Yandex Metrica

Sarı Torba gerçeği söylüyor: Kimyasal iftirası atanlar önce terörist leşlerine bakmalı

Kimyasal silah iftirası PKK'nın kullandığı sıradan yalanlardan biri. Mehmetçiğin temiz sicili düşmanları tarafından bile bilindiğinden, hem teröristler hem de yurt içindeki destekçileri yine yapayalnız ortada kaldı.

Gündem

05.04.2024, 20:48

Çözüm sürecini istismar ederek Doğu ve Güneydoğu'da yerleşim yerlerini işgale yeltenen teröristler, Temmuz 2015 tarihi itibariyle bu yaptıklarının bedelini canlarıyla ödedi.
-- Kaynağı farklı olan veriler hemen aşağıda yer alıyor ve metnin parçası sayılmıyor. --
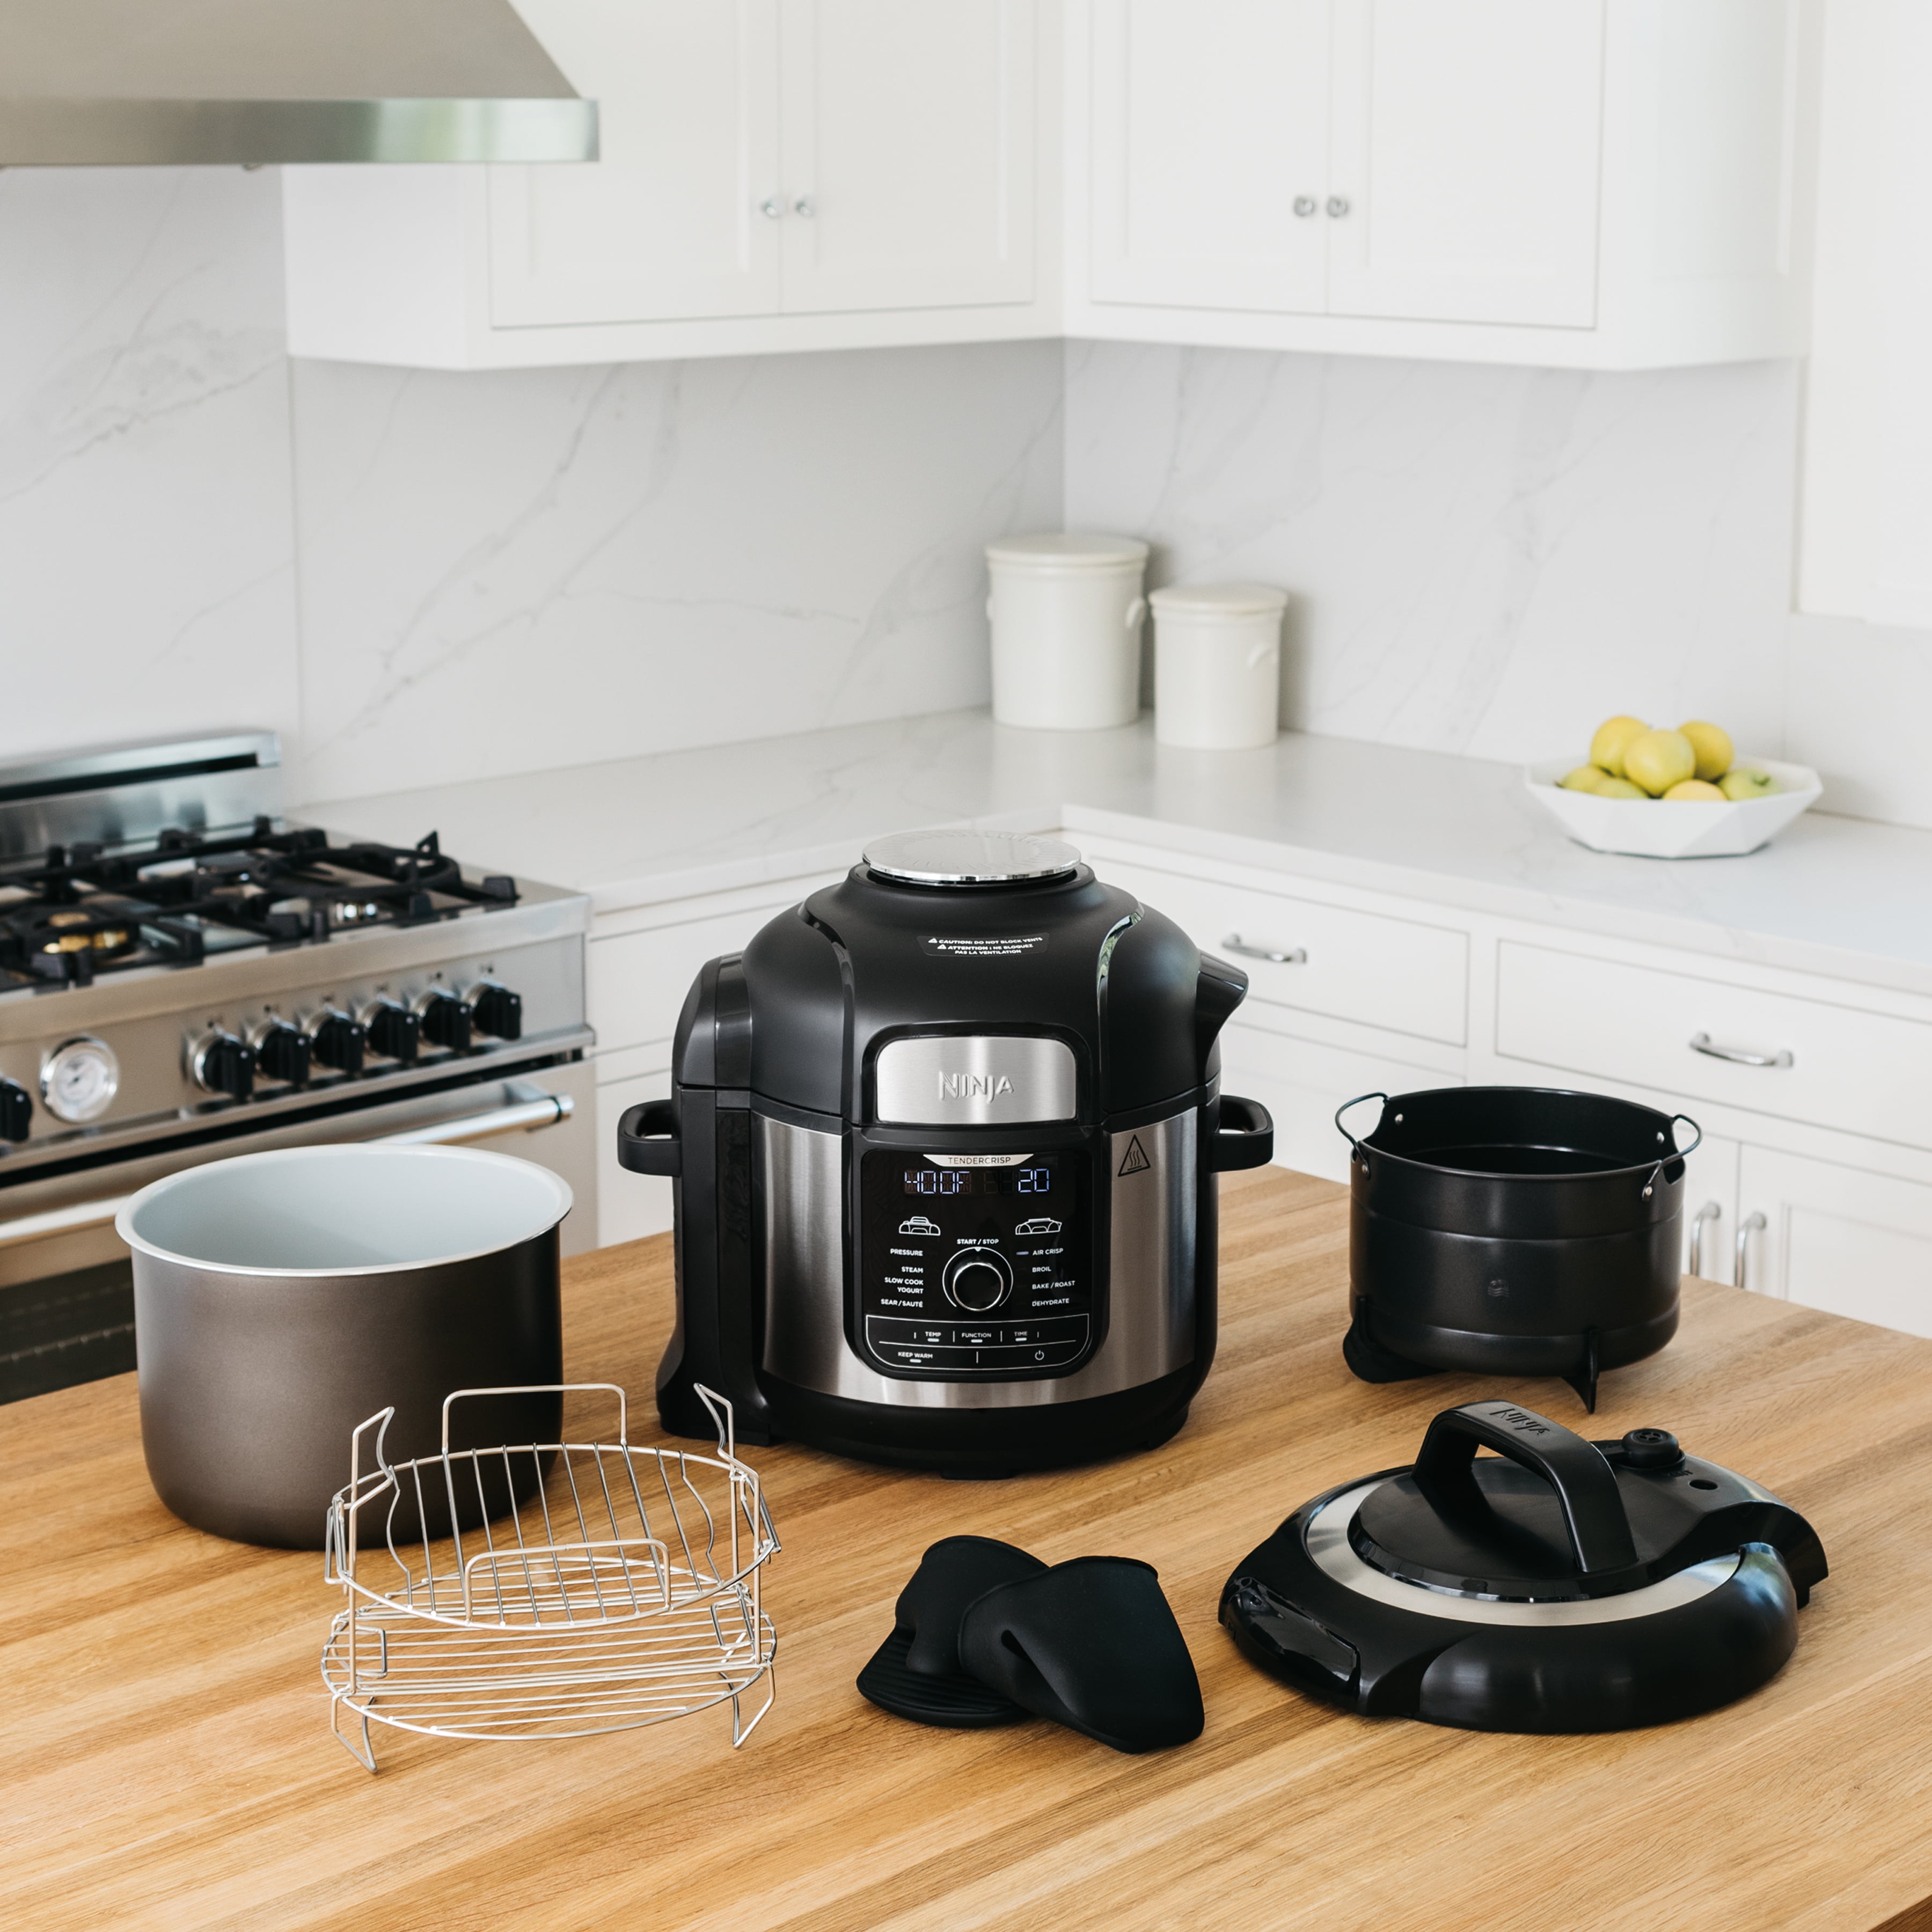 Ninja® Foodi 14-in-1 8-qt. SMART XL Pressure Cooker Steam Fryer
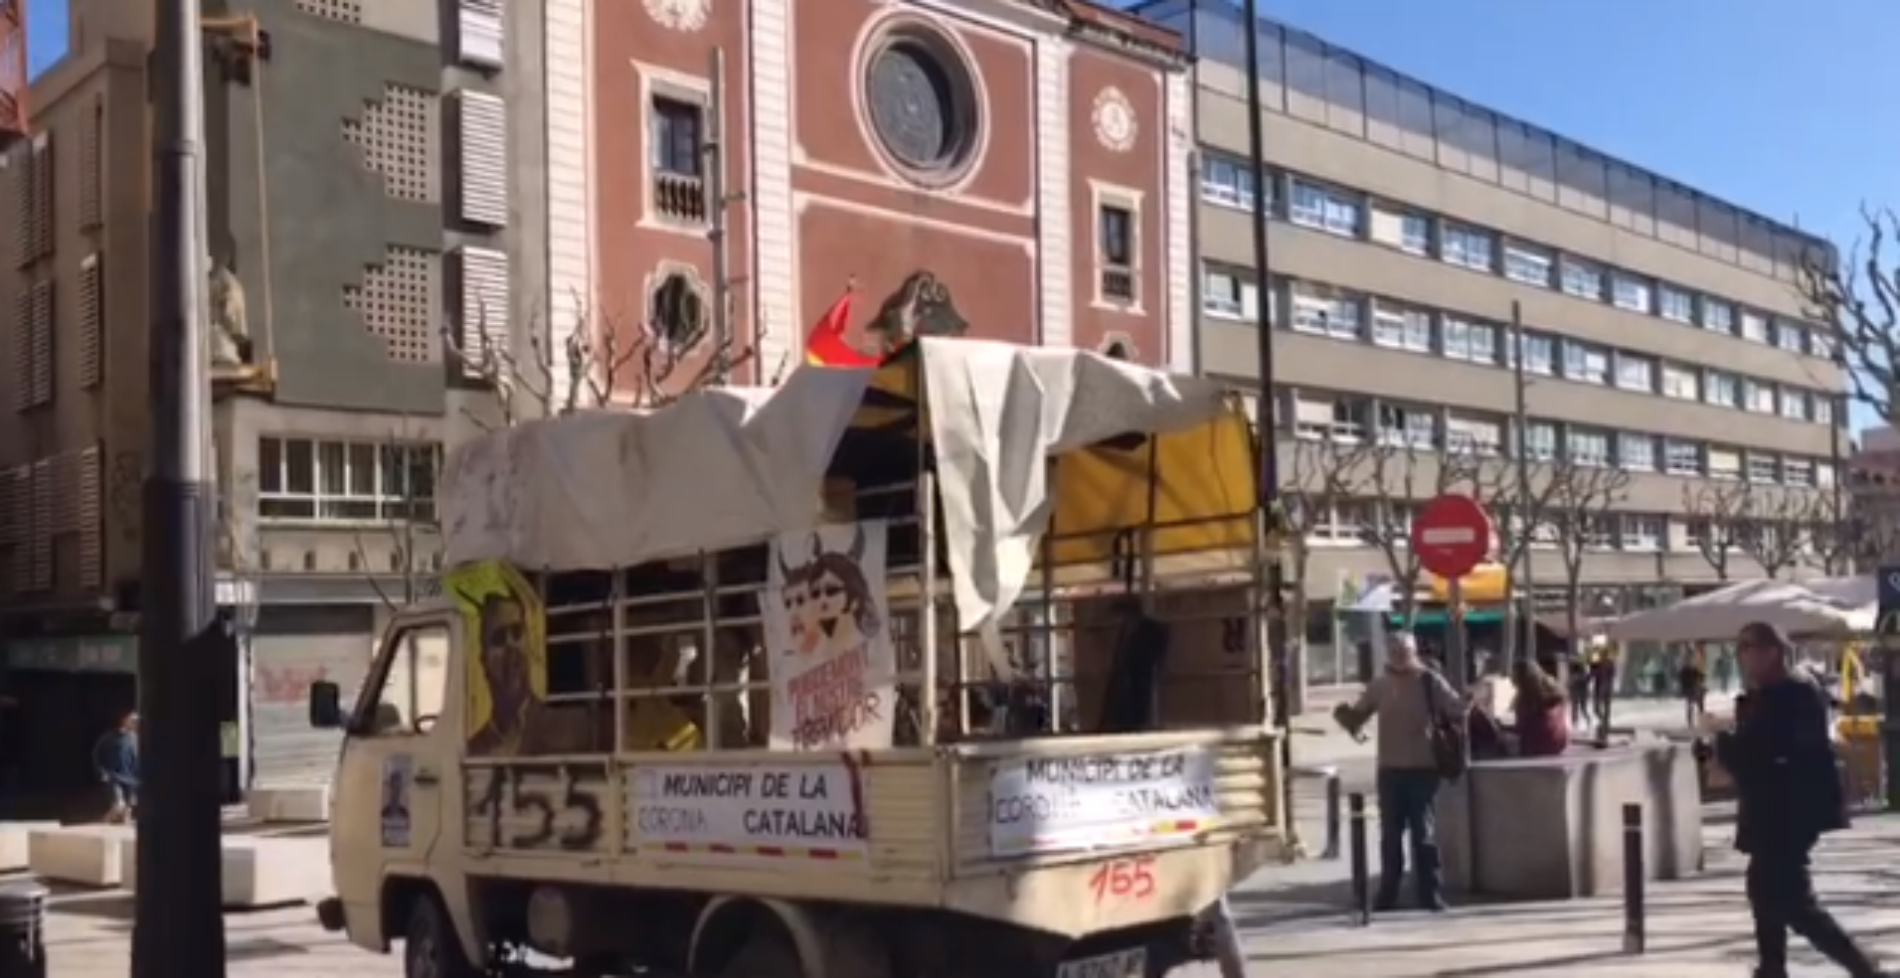 Un unionista provoca incidents amb una furgoneta al centre de Mataró

Güvenlik güçleri aradan geçen 7 yılı aşkın sürede yurt içindeki teröristleri silip süpürdü; üstüne Suriye-Irak hattındaki terör kamplarını yerlebir etti. 

35 bini aşkın terörist etkisiz hale getirilirken Suriye'de ABD destekli terör örgütlerine yönelik 4 büyük harekât gerçekleştirildi. Mehmetçik şimdi 15 bini aşkın personelle Suriye kuzeyinde varlık gösteriyor ve kontrol ettiği bölgelerde yıllardır istikrar unsuru oldu. 

Türk Silahlı Kuvvetleri'nin Irak kuzeyinde de 100'e yakın üssü mevcut durumda. Milli İstihbarat Teşkilatı ile birlikte 2021 yılından itibaren terörle mücadeleyi büyük ölçüde sınırların dışına taşıyan Türk ordusu, PKK'nın sığınak, barınak ve kamp alanlarını ardı ardına imha etti. 

Bu süreçte teröristler, Irak'ta 30 yılı aşkın süredir konuşlandıkları kampları terk etmek zorunda kaldı. Sinat-Haftanin, Metina, Zap, Avaşin-Basyan, Hakurk, Gara, Kandil, Asos, Mahmur ve Sincar'da hareket alanı iyice daralan örgüt, SİHA'ların da etkili vuruş gücü sayesinde büyük ölçüde kımıldayamaz hale geldi. 

Mağaraların içinde barınmaktan başka çaresi kalmayan teröristlere yönelik süpürme harekâtı karadan da devam etti. Kandil'in bir zamanlar 'girilemez' dediği Zap bölgesine son darbe Pençe-Kilit operasyonlarıyla geldi. Mehmetçik bu harekât sırasında Erbil yönetimine bağlı Peşmerge tugaylarından da destek aldı. 

Havada SİHA'ların sürekli izleme yaptığı bölgede, karada komandolar ise teröristleri mağaralarında bile barınamaz hale getirdi. Bu ortamda PKK ve destekçilerinin önünde iki seçenek kaldı: Kentlerde sabotajlar ve yalanlarla örülü kampanyalar...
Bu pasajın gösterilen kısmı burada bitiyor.